But not too far to be impervious to the probing tongue and fingers, which searched for the small islands of skin, and the nerve ends, which I needed to reach to be able to communicate the messages of warmth and electricity to the receptors in the brain, which in turn sent their own messages of pleasure, to great effect.
It was so very real, and every night I had to get up, go into the bottom bathroom and clean myself up.
Our lovemaking was so very intense and I can still see her today as she opened her legs so wide and welcoming to allow me to enter, her lips swollen, wet and slightly parted in anticipation.
Then as soon as I entered her, her arms and legs clamped around my body, imprisoning me inside her, and as she came, I’d put my ear against her mouth, so that I could hear those beautiful words as she told me, time and time again what a good son I was, and how much she loved me.

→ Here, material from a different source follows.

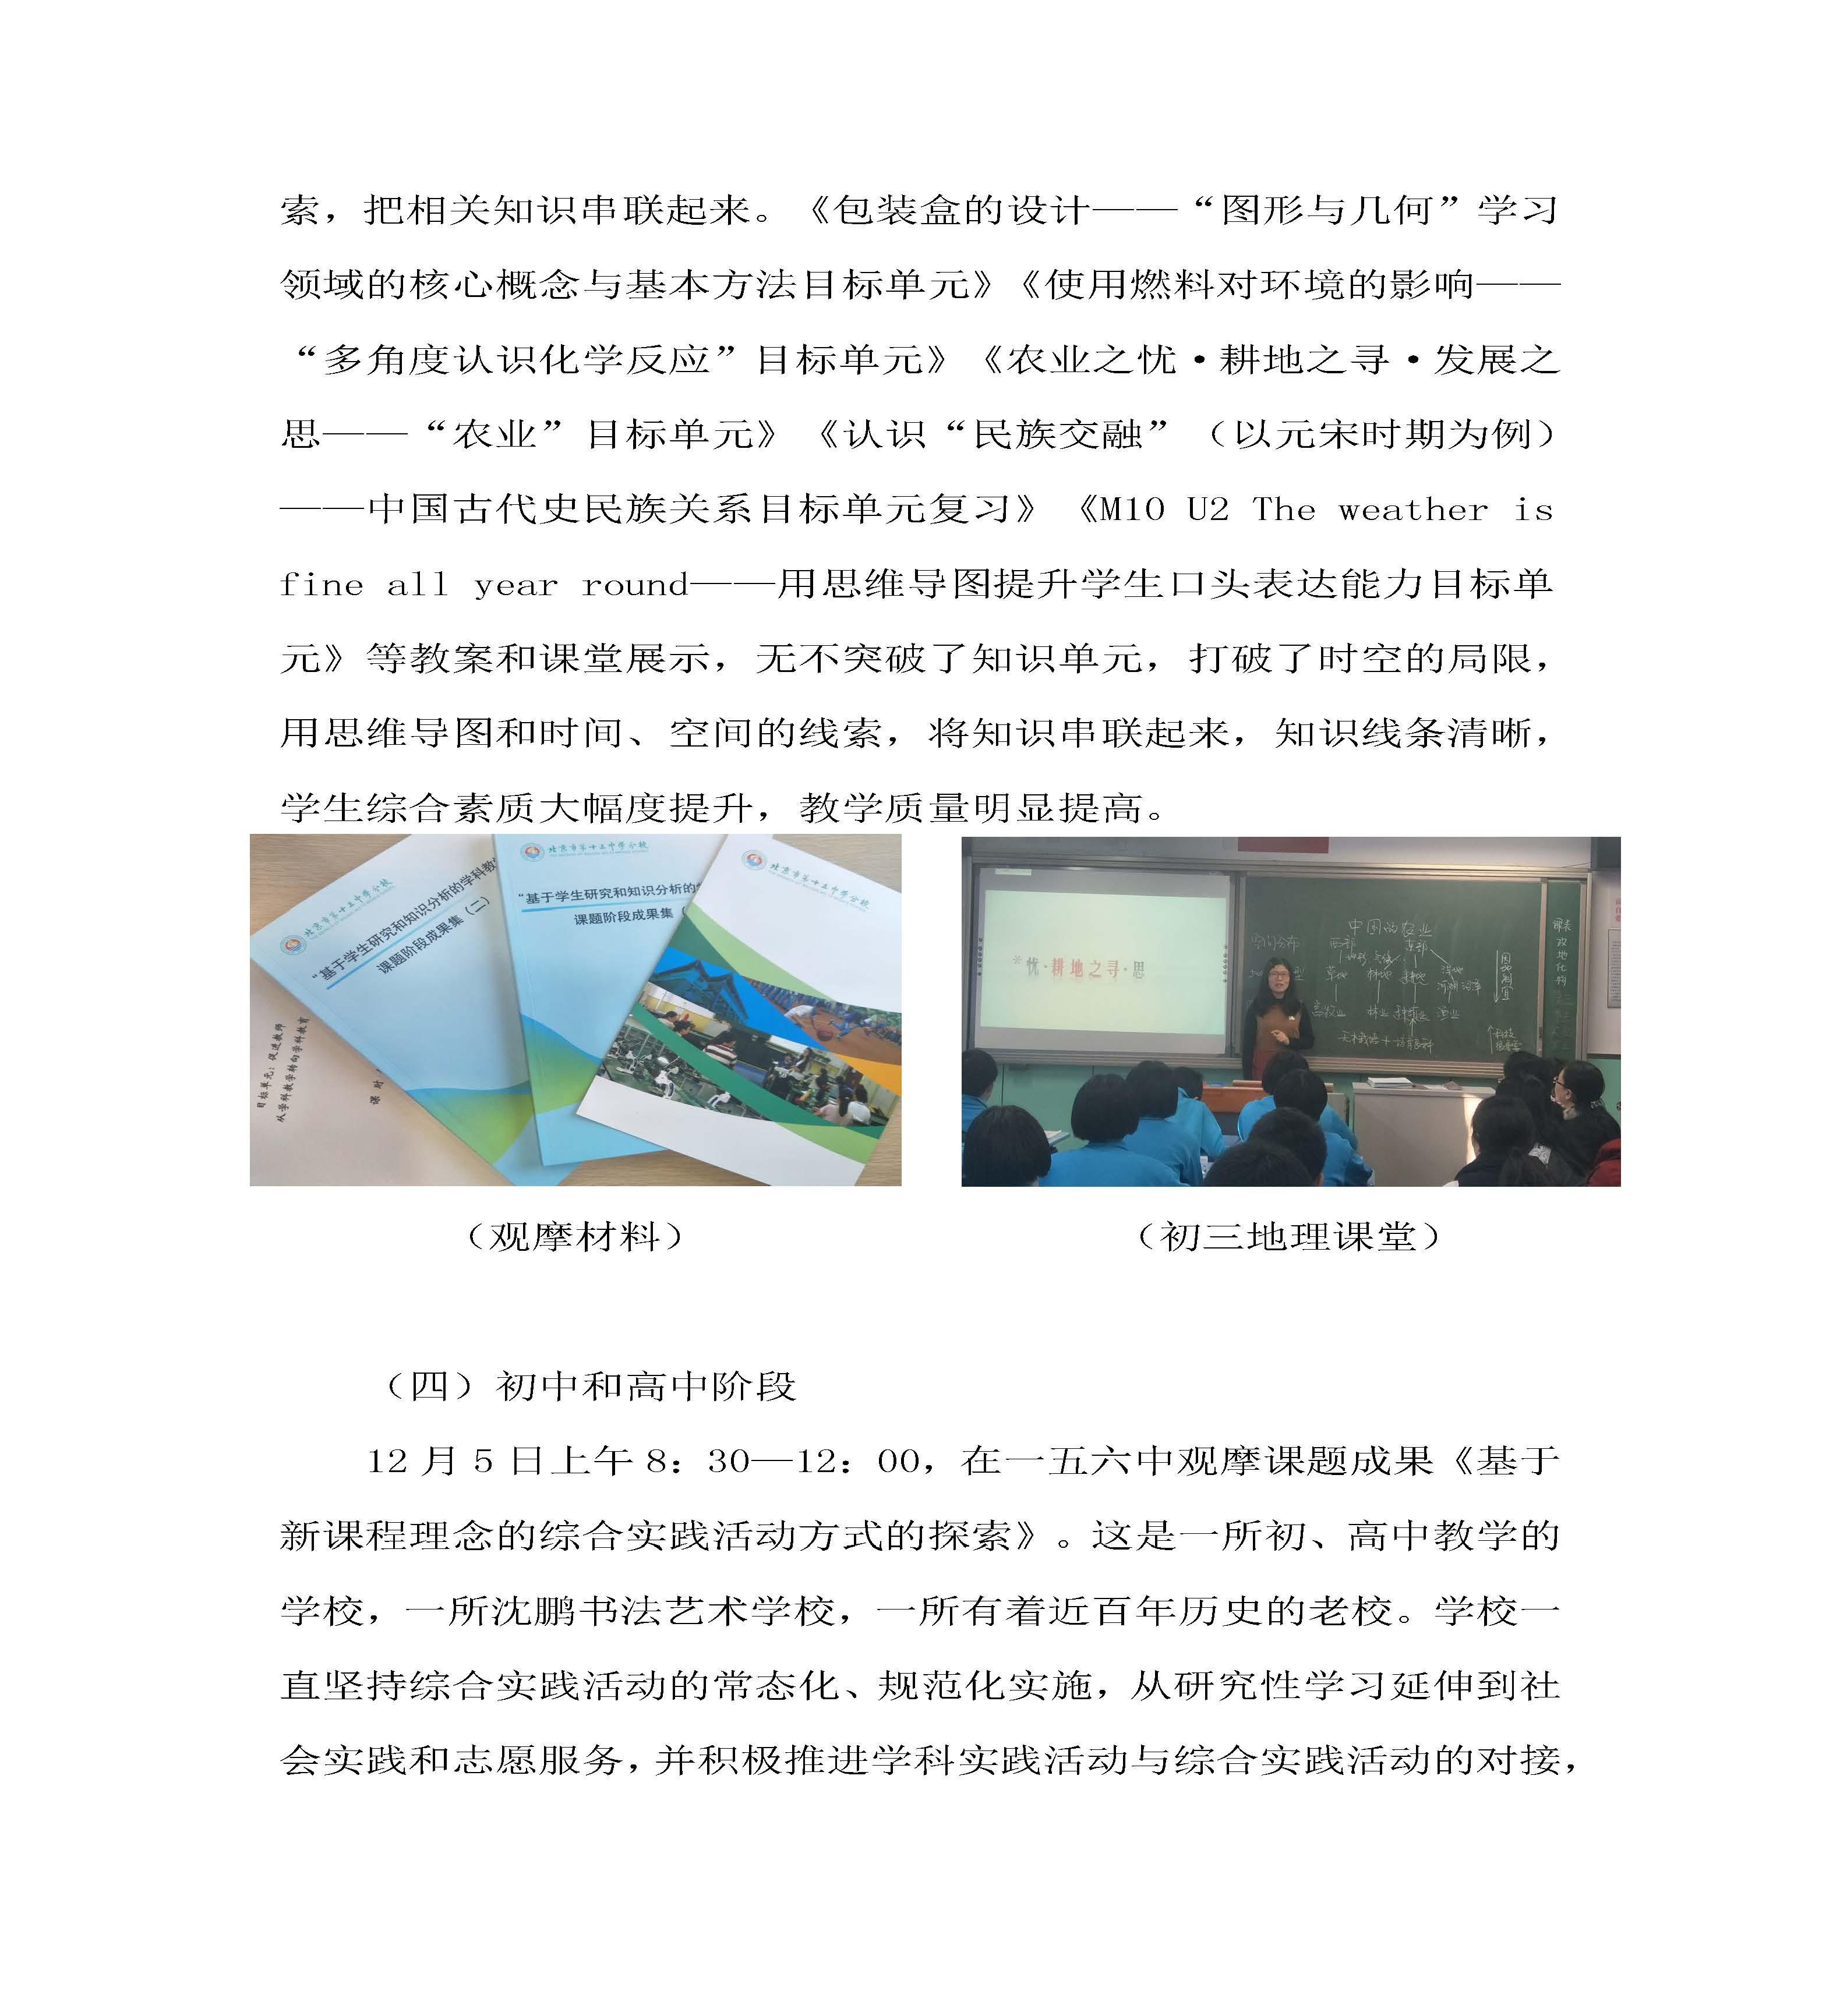 观摩2017北京市西城区科研月活动汇报材料(温俊芳12.12)_页面_6.jpg

She still thought that I was Dad, but I knew who it was that I was making love to.
Things happen in dreams that cannot in real life, and one of them was that as I was making love to her, I would depart from my body and move down to between her legs, as the camera would have done so, as it sought out ‘the money shot.’
From there I would see as I thrust myself into her, until the moment that I fired streams of high voltage liquid electricity inside her.
Only to then move back into my body again, to be able to feel the effects as the sparks did their work, and were then sent back into me by her finger nails spearing deep into my flesh, as she did some mining of her own.
We made love in every position that I knew of, it was all so languid and sensual, there had never been a coupling like this since Anthony and Cleopatra.
Sometimes in the bathroom cleaning myself up, the feelings were so very real that I’d look at my back in the mirror expecting to see her nail tracks, and blood on me.
Sometimes at work I would think about her, and be able to still taste her in my mouth.
Often many hours after the dream, I could still feel her sharp nails digging into my flesh, and I wouldn’t have been surprised if someone had said to me that I had blood on my shirt it was just so, so real.
The weeks passed and the dreams continued, so that they just became a part of my life, it was a routine. I would kiss her photograph, say “see you in a little while,” go to sleep, have my dream with her, go to the bathroom, clean myself up, go back to sleep, and sometimes dream again. It just became a part of my life, and after a while it seemed so normal.
I thought I was dealing with it a lot better, but four weeks later Mum came to me at night just as I’d got into bed. “Tim, something is still bothering you what is it? Please talk to me about it.”
I just burst into tears, I never cried, nothing got to me I hadn’t cried at Dad’s funeral, nor Grandma’s. But now I did, and like a baby. She just sat there, and after a while said “please tell me.”
“I don’t know if I can.”
“Please tell me, you’ll find it won’t be as bad as you think when we both talk it out.”